On Fri, Nov 1, 2019 at 2:10 PM Philip Kiff < <EMAIL REMOVED> > wrote:
>
> > One critical thing is the order is from the BOTTOM to
> > top. Only reason I can think they did this is to be backwards compatible
> > with 2003 and prior back when it was added in 2007 or 2010.
> I always assumed that the reason PowerPoint reading order seems
> backwards is due to the sequential (and limiting) nature of the file
> format itself?
>
> There is no PowerPoint text stream like with Word.
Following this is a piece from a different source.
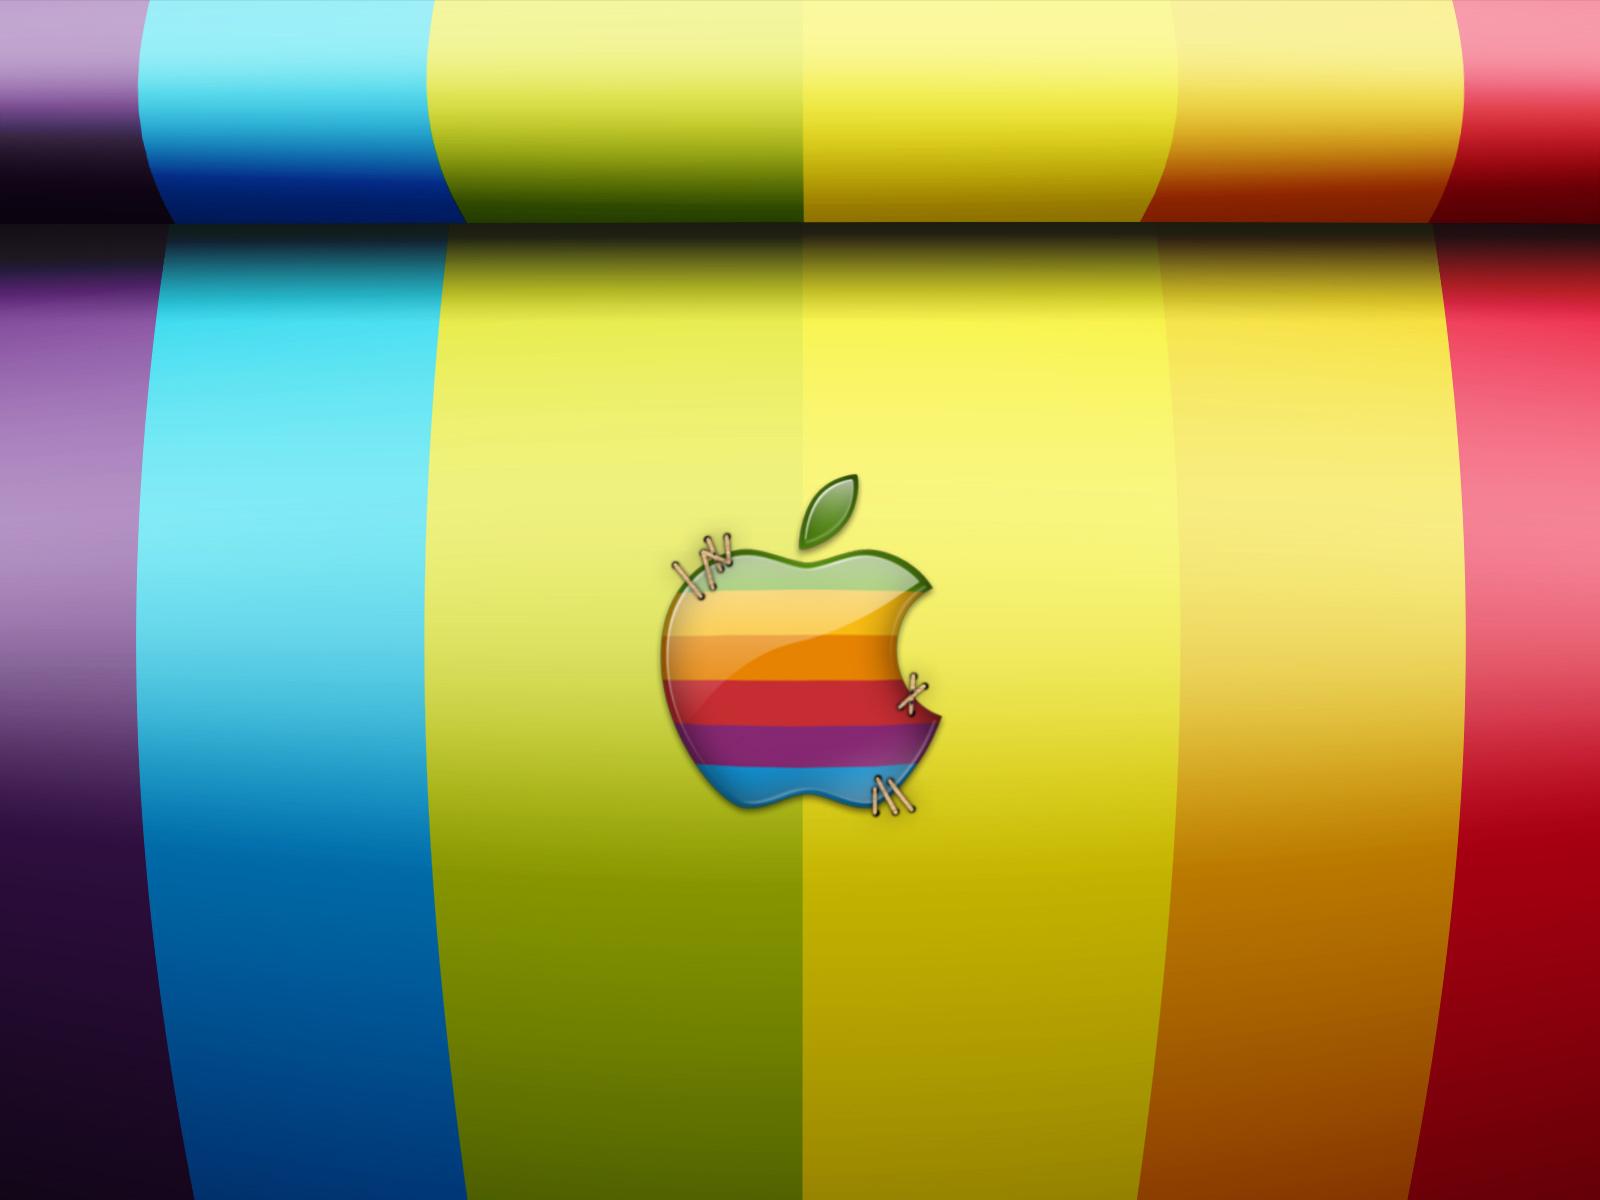 Apple Mac OS Wallpaper High Quality WallpapersWallpaper Desktop 1600x1200

The objects in a
> PowerPoint are positioned more like content in a PDF file or a graphics
> file: it is like they are "painted" onto the page. The object at the
> bottom of the selection pane is "painted" first on the visual screen and
> it is therefore first in the reading order as well. Then subsequent
> objects are painted over top of that, until you get to the last item you
> want read, and it is painted last.
>
> The obvious problem with such a format is that it makes it impossible to
> have an object appear visually underneath another object and yet have it
> "read" later in the reading sequence. PDFs get around this with an
> entirely separate tag layer structure with a separate reading order. But
> PowerPoint files don't have any option like that.
>
> Phil.
>
> On 2019-11-01 12:35, Ryan E. Benson wrote:
> > By creating the order, are you talking about adding each object
> > individually? Since O13, you can go home > arrange > selection pane. In
> > O13, you have to use the up/down arrows provided to adjust. In O365, you
> > can draw and drop. One critical thing is the order is from the BOTTOM to
> > top. Only reason I can think they did this is to be backwards compatible
> > with 2003 and prior back when it was added in 2007 or 2010.
> >
> > --
> > Ryan E. Benson
> >
> >
> > On Fri, Nov 1, 2019 at 11:08 AM glen walker < <EMAIL REMOVED> > wrote:
> >
> >> I still use an older version of PPT (2016) and I treat it as an authoring
> >> tool (ATAG). There is no way to mark images as decorative in the 2016
> >> version but the 2019 version allows it.
> >>
> >> PPT forces you (the user) to keep track of the reading order. The order
> >> that objects are created on the slide is the reading order. It would be
> >> really nice if PPT had an option to allow PPT to keep track of the reading
> >> order as left to right, top to bottom. Sometimes you don't want that order
> >> but the majority of the time that order would be correct. Forcing the user
> >> to manually create that order is ridiculous. Making and deleting objects
> >> and then moving them around is very common. Having to manually order the
> >> objects is just stupid. Doing it for one slide is a pain, let alone for
> >> 30, 50, or 100 slides in just one presentation, and then if you make lots
> >> of presentations, you'd spend most of your time ordering objects instead of
> >> creating content. It's a huge failure by Microsoft.
> >>
> >> Yes, I'm a bit testy about this particular subject. I have a 150 slide
> >> slidedeck for teaching WCAG (details of all 50 AA success criteria) and I'm
> >> always updating it with new examples (good and bad) and have to always
> >> adjust the reading order to keep the slides accessible. It's a big waste
> >> of time. Not a waste of time to make it accessible, it's a waste of time
> >> that PPT won't do it for you. It's easy to do, programmatically. I've
> >> written an object-oriented system before that kept track of the default tab
> >> order (essentially the reading order) when creating objects, moving them
> >> around, resizing, deleting, re-parenting, etc. It's absolutely doable and
> >> is a significant failure by the PPT product team to ignore such a feature
> >> when Microsoft says they focus on accessibility.
> >>
> >> Now, again, I'm using Office 2016, so maybe they fixed this problem in 2019
> >> or Office 365, so I can calm down. Would love to know if anyone has seen
> >> if this is fixed in the latest version.